二〇年前に東京から白馬へ移住したキッカケって、なにかあったんでしょうか?
ネクタイするのがイヤで、会社は友達に任せて白馬にきたんですよ。四九歳のときだったかな。五竜スキー場にパークを作ってくれっていう仕事があって、それで白馬に来たの。エア台作ったりレールを引いたりしてパークを作るじゃん。でも、作るたびにパトロールが壊す(笑)。ゲレンデにこんなん作られたら困るって。こっちは会社に依頼されて作っているのに。現場のパトロールはバリバリのレーサーだから、そういうものは一切受け付けない時代だった。外部の人間がおもちゃみたいな板でやってきたって。一年で辞めたよ。辞めてからも「ザマ・ファンスキースクール」っていうスクールを五竜で続けていて、その受付に採用した女の子がいまの奥さん。岡山から出てきたファンスキーヤーで二〇歳下。おれが元気だから若くないとダメなの(笑)。
で、すぐ白馬にいまの鍛冶屋を開いたわけですね?
いや、しばらくは遊んでいたよ。夏は青木湖で、ウインドサーフィンってあるじゃん?あのセールを取っ払ってボードのうえに立って、パドルで漕いで遊んでた。そしたらSUPってのが出てきて、おれの板を見て、「それなんですか?」って逆に聞かれて。Tシャツをターバンみたいに頭に巻いて、体が真っ黒のオヤジがウインドの板に乗ってふらふら遊んでる。「SUPって遅いねー」って。

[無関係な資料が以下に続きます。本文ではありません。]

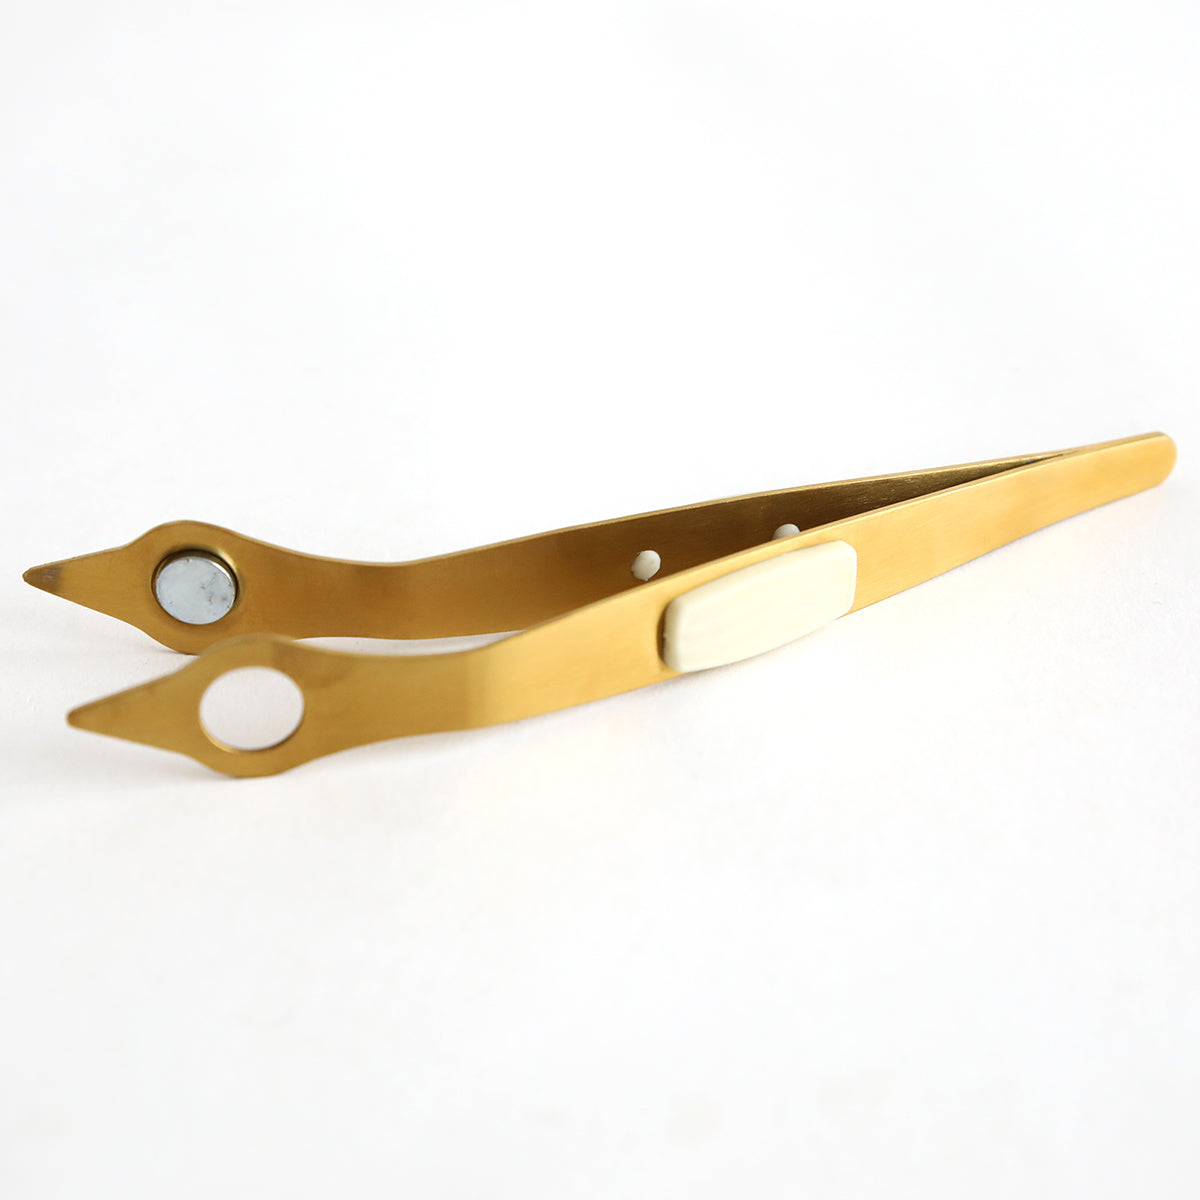 A pair of gold Magnetic Tweezers on a white surface.

おもしろかったなー。
モノスキーとファンスキーだけじゃなかった!SUPも日本人初だった?!
いまでも夏は青木湖で漕いでるよ。
いまはさすがにSUPですよね?
いや、いまだにウインドの板だよ。だって安定してるのっておもしろくないじゃん。誰でも乗れるものより、乗れないやつを乗るのがおもしろいじゃん。モノスキーもそういう感じだったんだね。ファンスキーだってそう、みんな最初はゴロゴロ転がって。シンプルで簡単なんだけど不安定なもの。モノスキーやファンスキーに乗ると、雪を見る目がすごいよくなる。しょっちゅうよく見てないと、いきなり柔らかいところ入っちゃうと飛ぶからね。長い板に乗っていると雪質なんてあまり気にしないじゃん。どこでもいけちゃうから。
モノスキーの魅力は、ズバリ、難しいところ?
たえず不安定なところだろうね。左右のバランスがすごく不安定。ちょっとエッジが外れたら終わり。バツンってエッジが外れたら次の足がでないから、転んで流れるまま。スキーなら片方の足で耐えて切り替えができるけど。それに、モノスキーは点で乗っていないといけない。ごまかしがきかない。不安定なところがいいんだよ。
二〇一九年、白馬で行われたジャパン・フリーライド・オープン(JFO)に最高齢で、かつ唯一モノスキーで出場して、会場を沸かせましたね。ザマーンさんのトライでモノスキーが認知されつつあるようです。
あと何年大会に出られるか?もうそろそろガタがくるんじゃないかな。協賛のザ・ノース・フェイスが一番目立ったスキーヤーへ贈る「ザマーン賞」というのを設けて、そのトロフィーを鉄で作りましたよ。今年もまた作んないといけない。滑りたいのにねー。
ザマーン哲学がわかってきました。誰もやったことのないことに、一番はじめにチャレンジしたいんですね。そして、それを自分のものにしたいと。
そうそう、最初にやったほうがおもしろいし。あとからやるってことは、誰かに教わってやるってことじゃん。ということは、その人を抜くことはできない。その人が先生だから。たとえば、教え子がオリンピックで優勝するじゃん。その先生はオリンピックで優勝したことないんだけど、あいつはおれが教えたんだぜって立場は変わらない。先生はいつまでも先生。イヤじゃん、そんなの。いつも教える立場じゃないと、おもしろくないじゃん。